**Assignment:**
Leave out every picture, and output exactly the lines from the line containing "Dieses Kunstwerk ist" through the last line of the data.

(Dataset excerpts)
——————
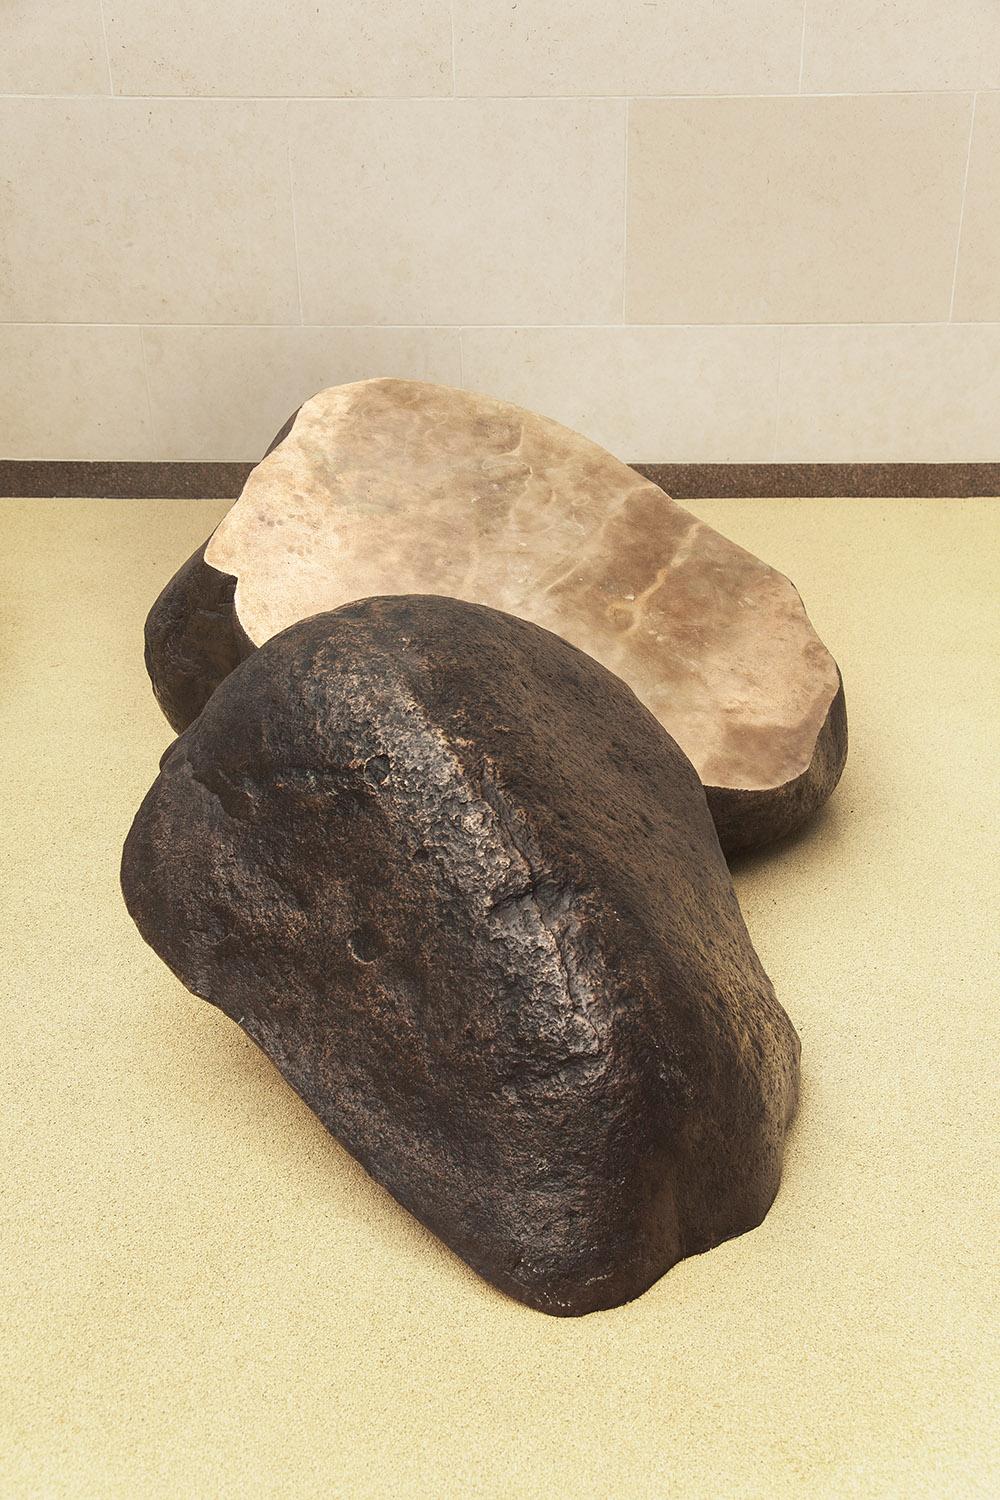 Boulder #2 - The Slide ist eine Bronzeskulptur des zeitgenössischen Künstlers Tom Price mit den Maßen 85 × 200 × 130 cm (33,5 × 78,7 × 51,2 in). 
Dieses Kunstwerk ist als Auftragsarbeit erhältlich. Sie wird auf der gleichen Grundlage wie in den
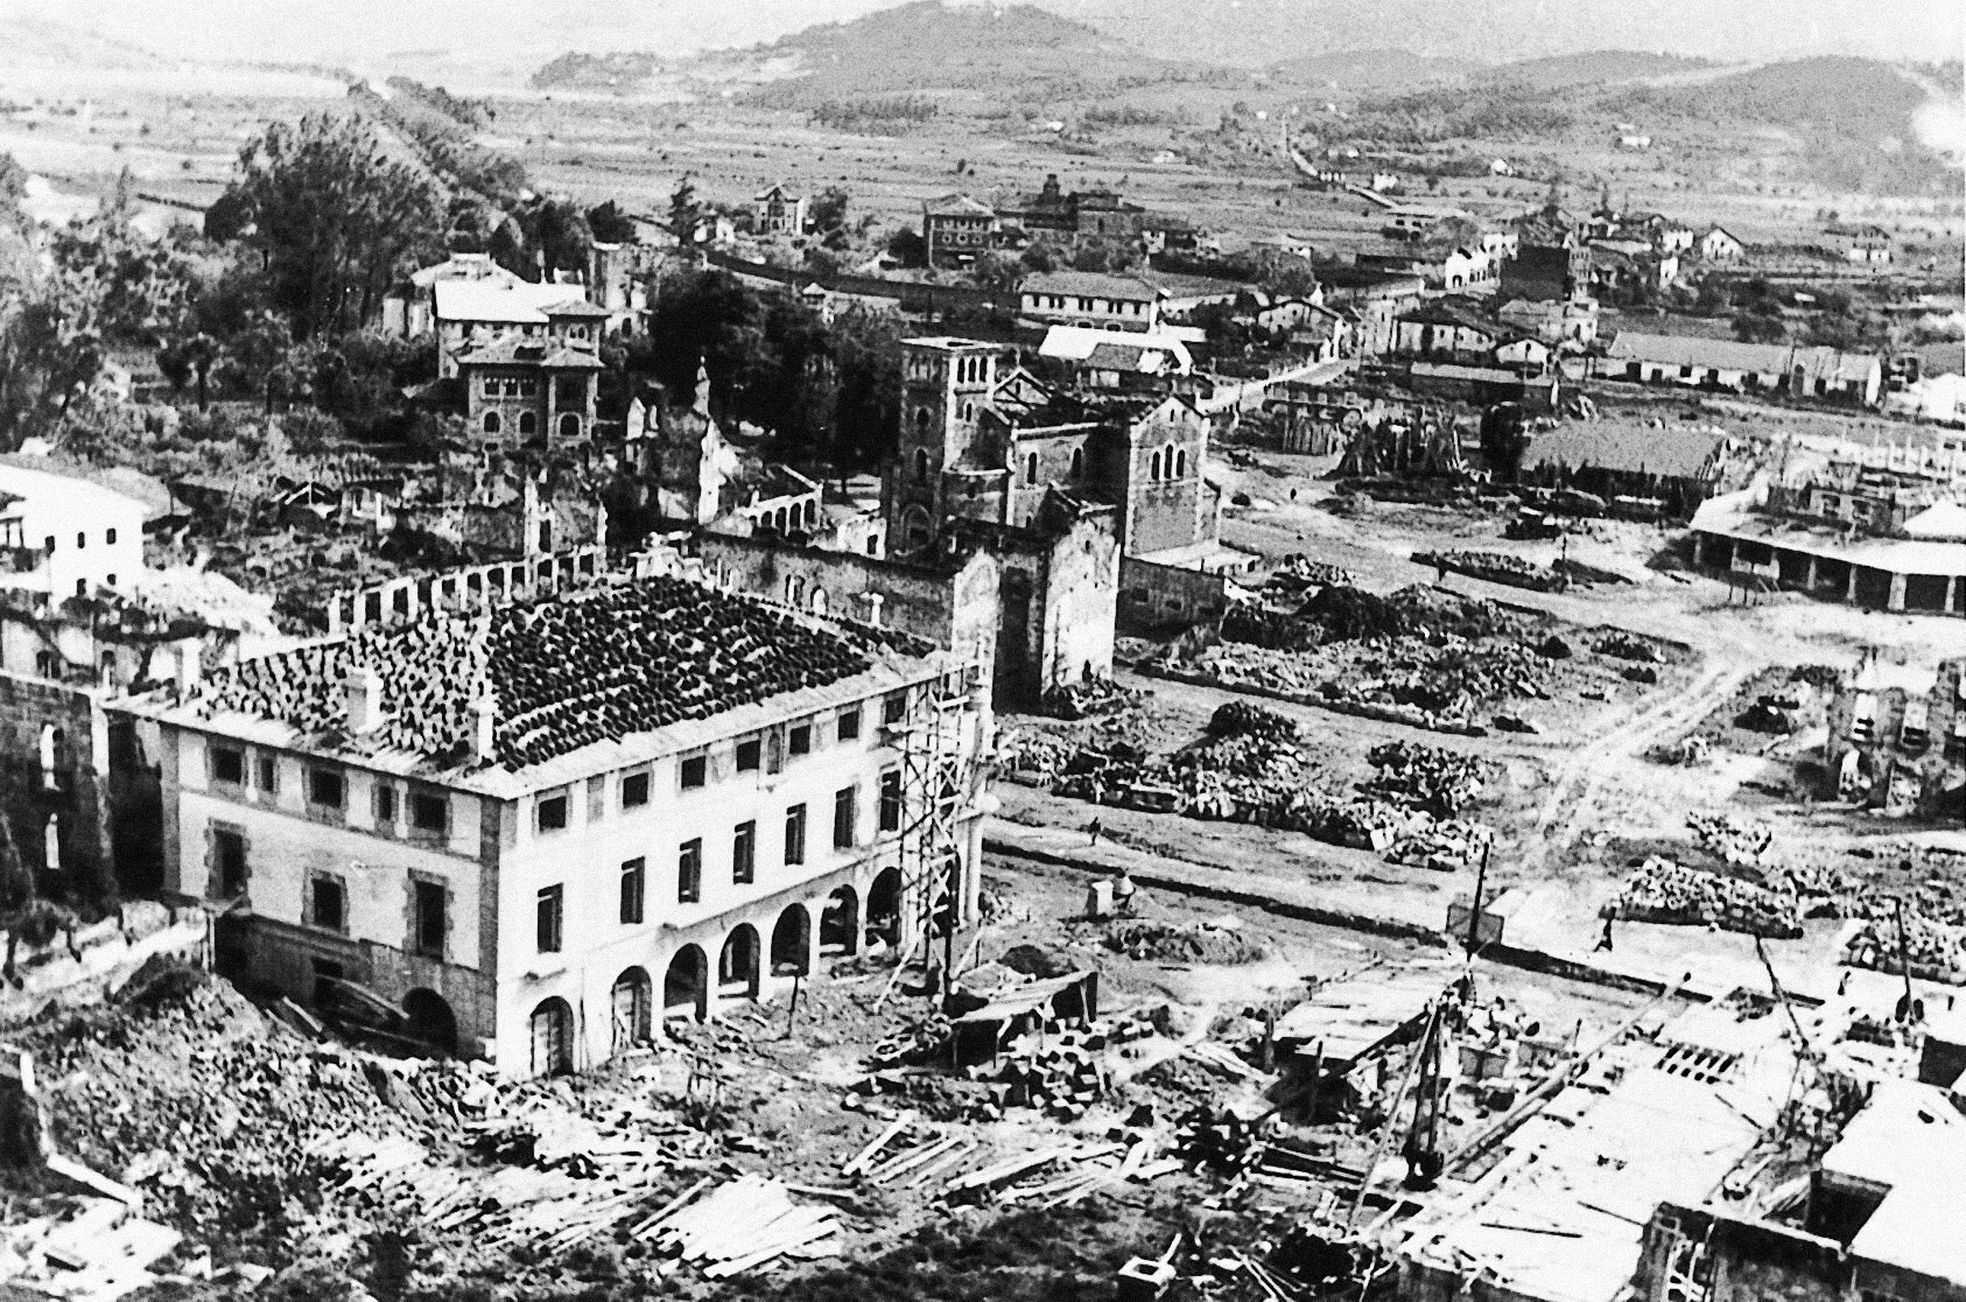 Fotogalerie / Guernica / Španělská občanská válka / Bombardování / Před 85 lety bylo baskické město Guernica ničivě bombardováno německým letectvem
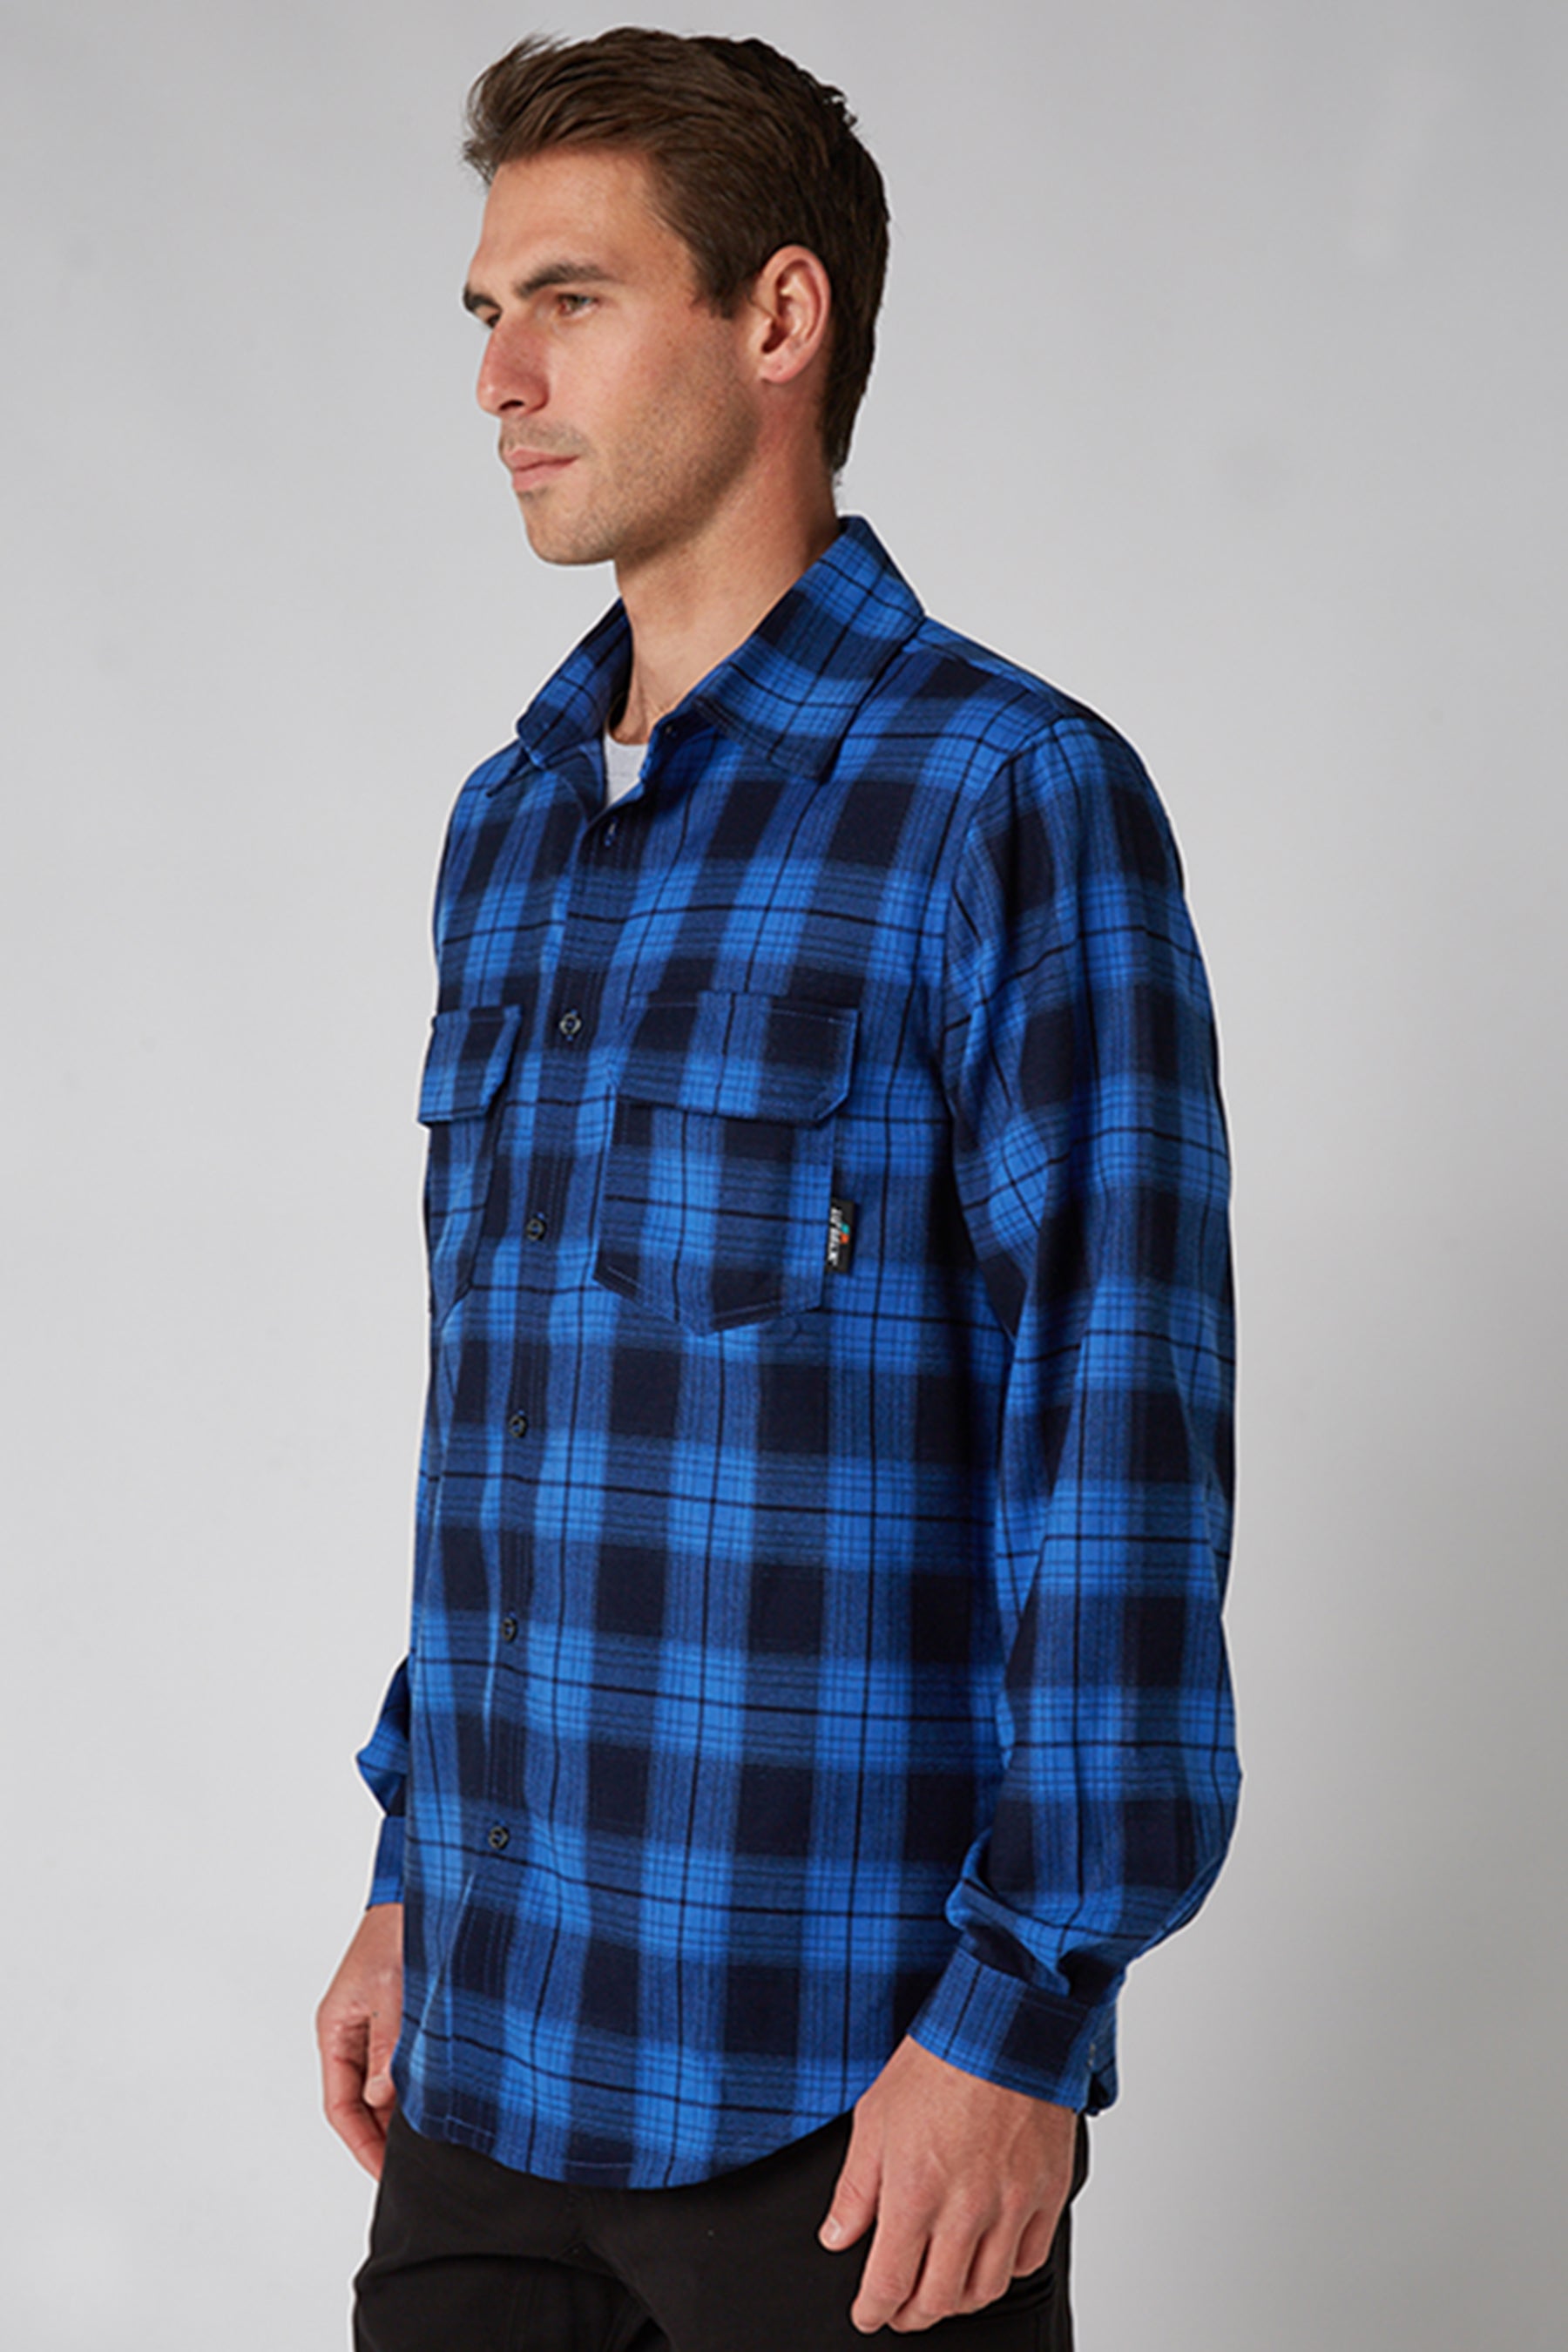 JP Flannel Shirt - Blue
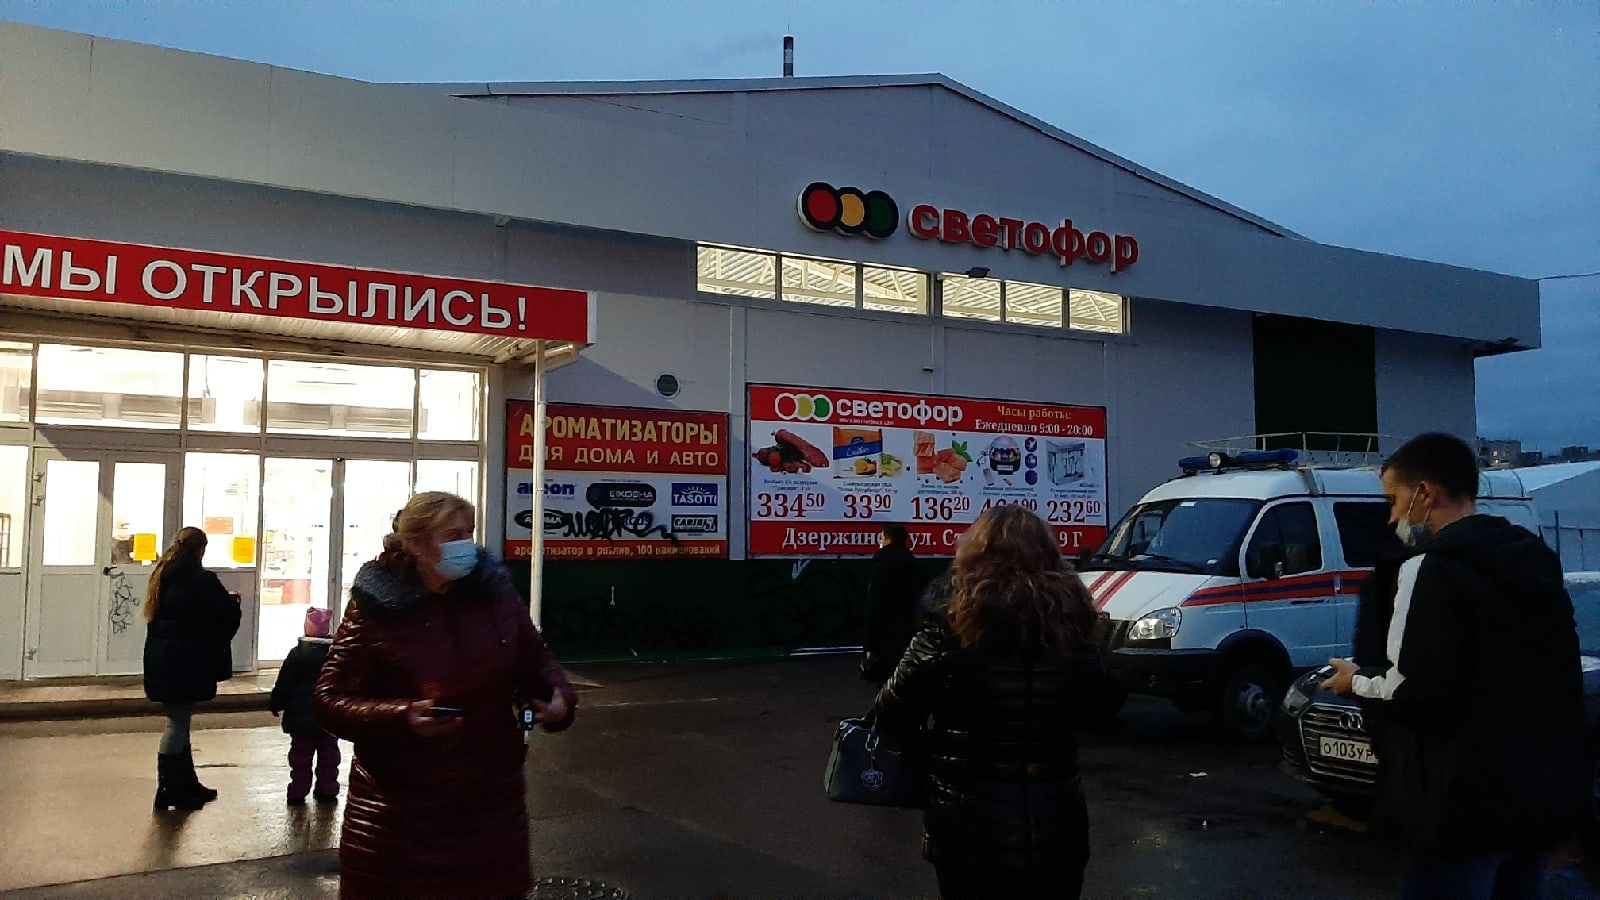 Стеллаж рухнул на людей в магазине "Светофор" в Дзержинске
——————
**Written answer:**
Dieses Kunstwerk ist als Auftragsarbeit erhältlich. Sie wird auf der gleichen Grundlage wie in den
 Fotogalerie / Guernica / Španělská občanská válka / Bombardování / Před 85 lety bylo baskické město Guernica ničivě bombardováno německým letectvem
 JP Flannel Shirt - Blue
 Стеллаж рухнул на людей в магазине "Светофор" в Дзержинске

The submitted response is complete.